Yuma Proving Ground, AZ Image 1
    Yuma Proving Ground, AZ Image 2

    Yuma Proving Ground, AZ History

    In 1850, Fort Yuma was built overlooking the Yuma crossing of the Colorado River where the soldiers could protect the thousands of travelers who came through annually. The Yuma Quartermaster Depot was added in 1865 to supply the Army through New Mexico and Arizona. Both the fort and the depot closed in the 1880s and the Army did not return until World War II.


    The Yuma Test Branch was opened on the old fort site by the U.S. Army Corps of Engineers in 1943. This was an ideal spot to test portable combat bridges along the river. Camp Laguna also opened at the same time for mechanized warfare training as one of only 12 desert training facilities in an 18,000 square mile area known as the California-Arizona Maneuver Area (CAMA). This was closed in 1944, but the test branch stayed open


    In the same year, the Yuma Test Branch expanded to include rice and hemp plants planted to create a realistic training environment for the expected invasion of Japan. Though the test branch closed in 1950, it was reopened a year later as the Yuma Test Station and it had expanded yet again. This time, the station housed the nation's longest overland artillery range for the testing of armored vehicles and air delivery systems.
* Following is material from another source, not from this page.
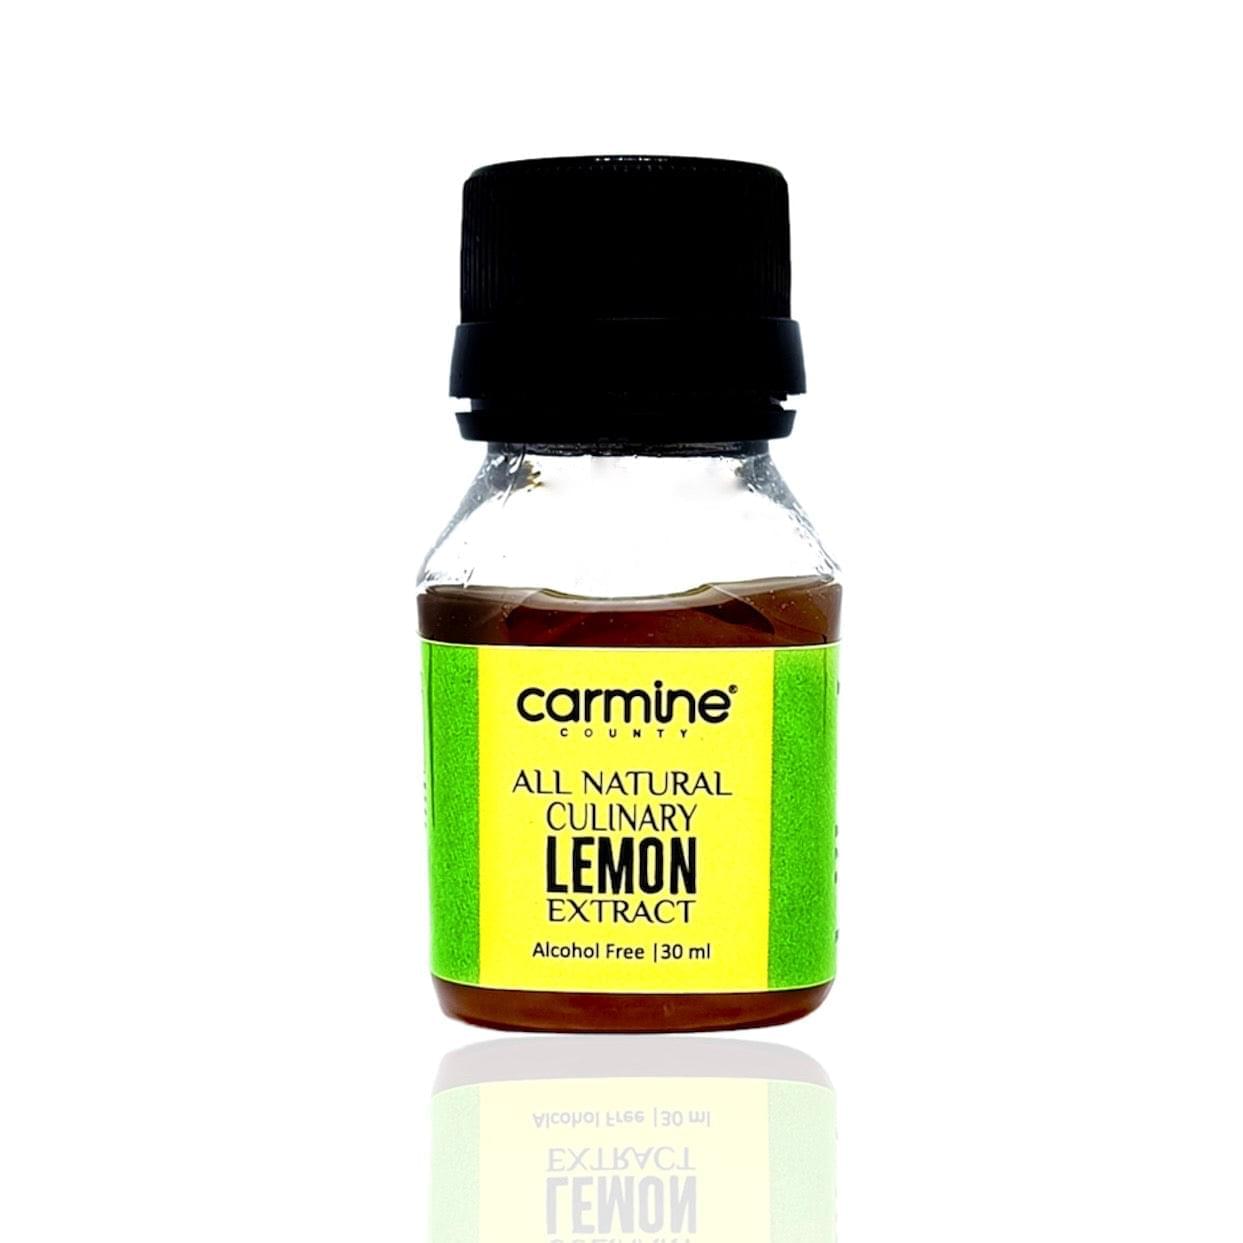 Carmine County All Natural Culinary Lemon Extract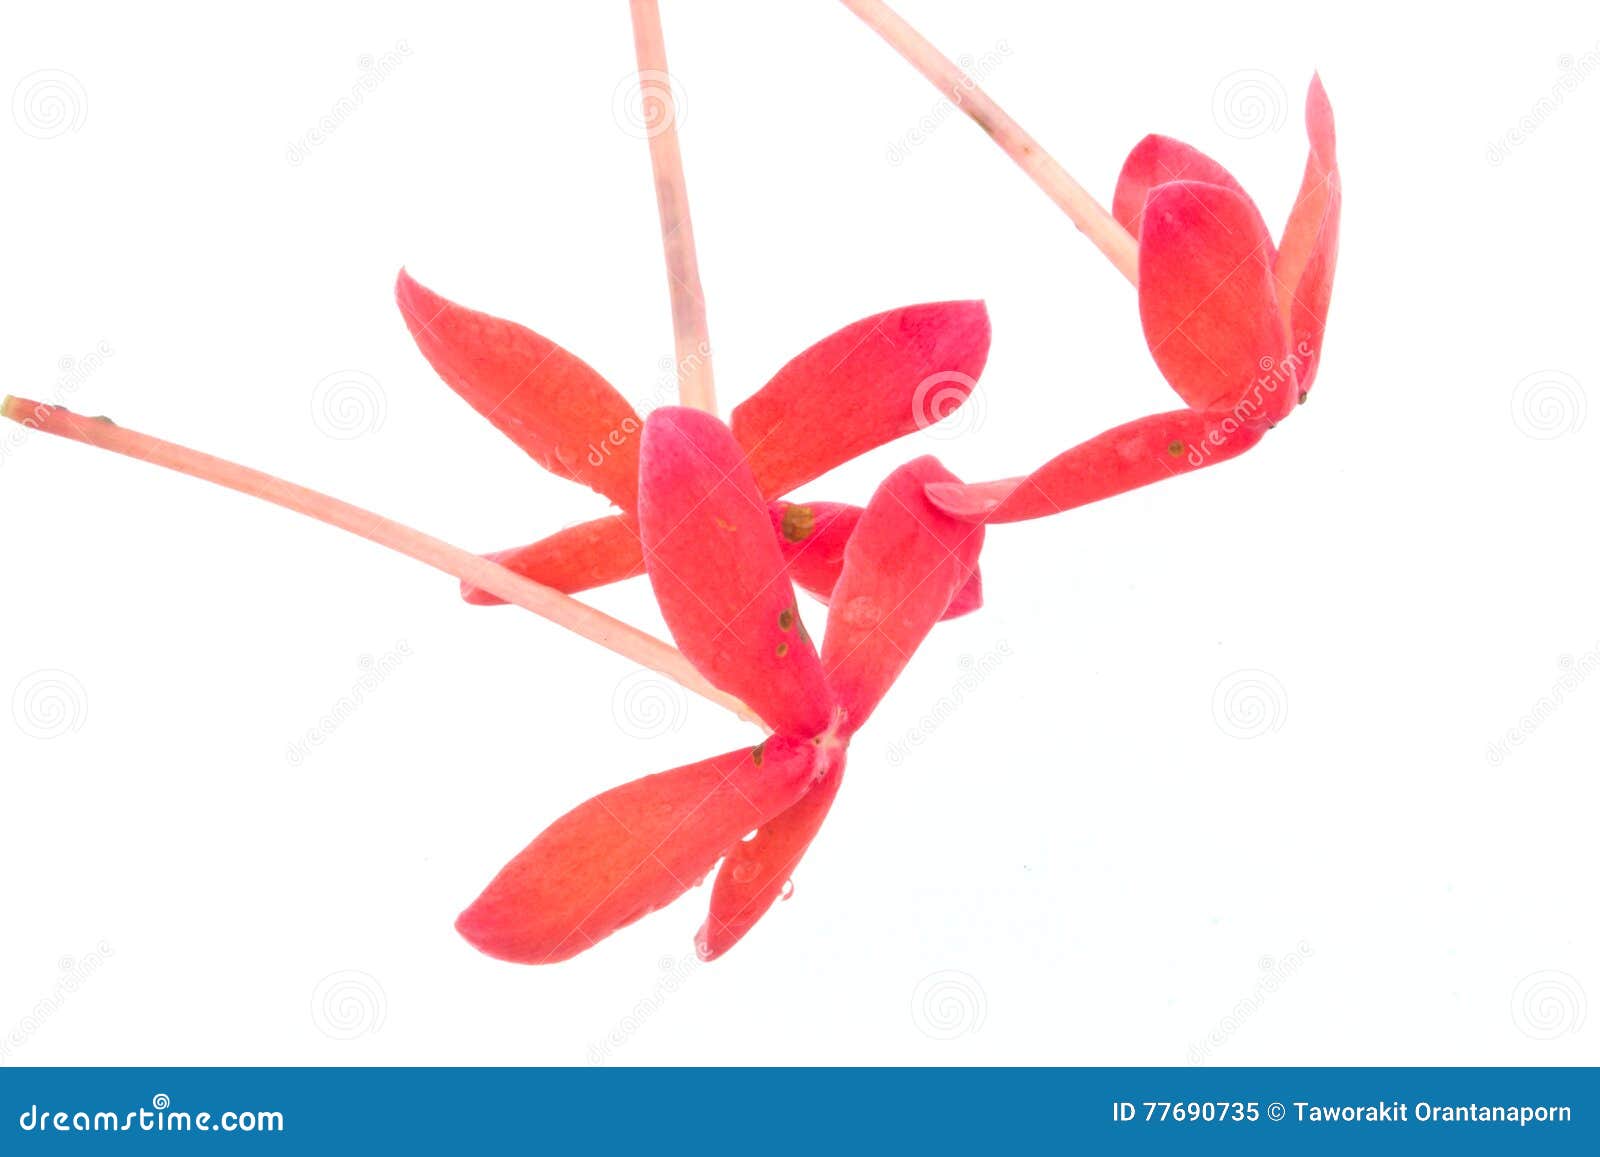 Flor roja dulce imagen de archivo. Imagen de anaranjado - 77690735

    After the Army reorganized in 1963, the station was renamed Yuma Proving Ground. During the mid 1960s, the High Altitude Research Project (HARP) was developed at Yuma. This was a gun made out of 2 16-inch Navy gun tubes; it measured 119 feet and weighed 240 tons and, when fired, launched 111 miles into space and returned to the base 30 miles from where it had started.


    In 1971, Aberdeen Proving Ground's aircraft armament testing mission was reassigned permanently to Yuma. Yuma also was designated as a Major Range and Test Facility. 1971 also saw the construction of the most highly instrumented helicopter armament test range in the nation make Yuma its home. The AH-64 Apache helicopter had all its developmental testing done here and the civilian and military developmental work on the GPS also happened at Yuma. In 1995, the Western world's largest mine, countermine, and demolitions test facility opened here. Today one of Yuma's most important programs is the testing of Stryker armored vehicles and all its variants.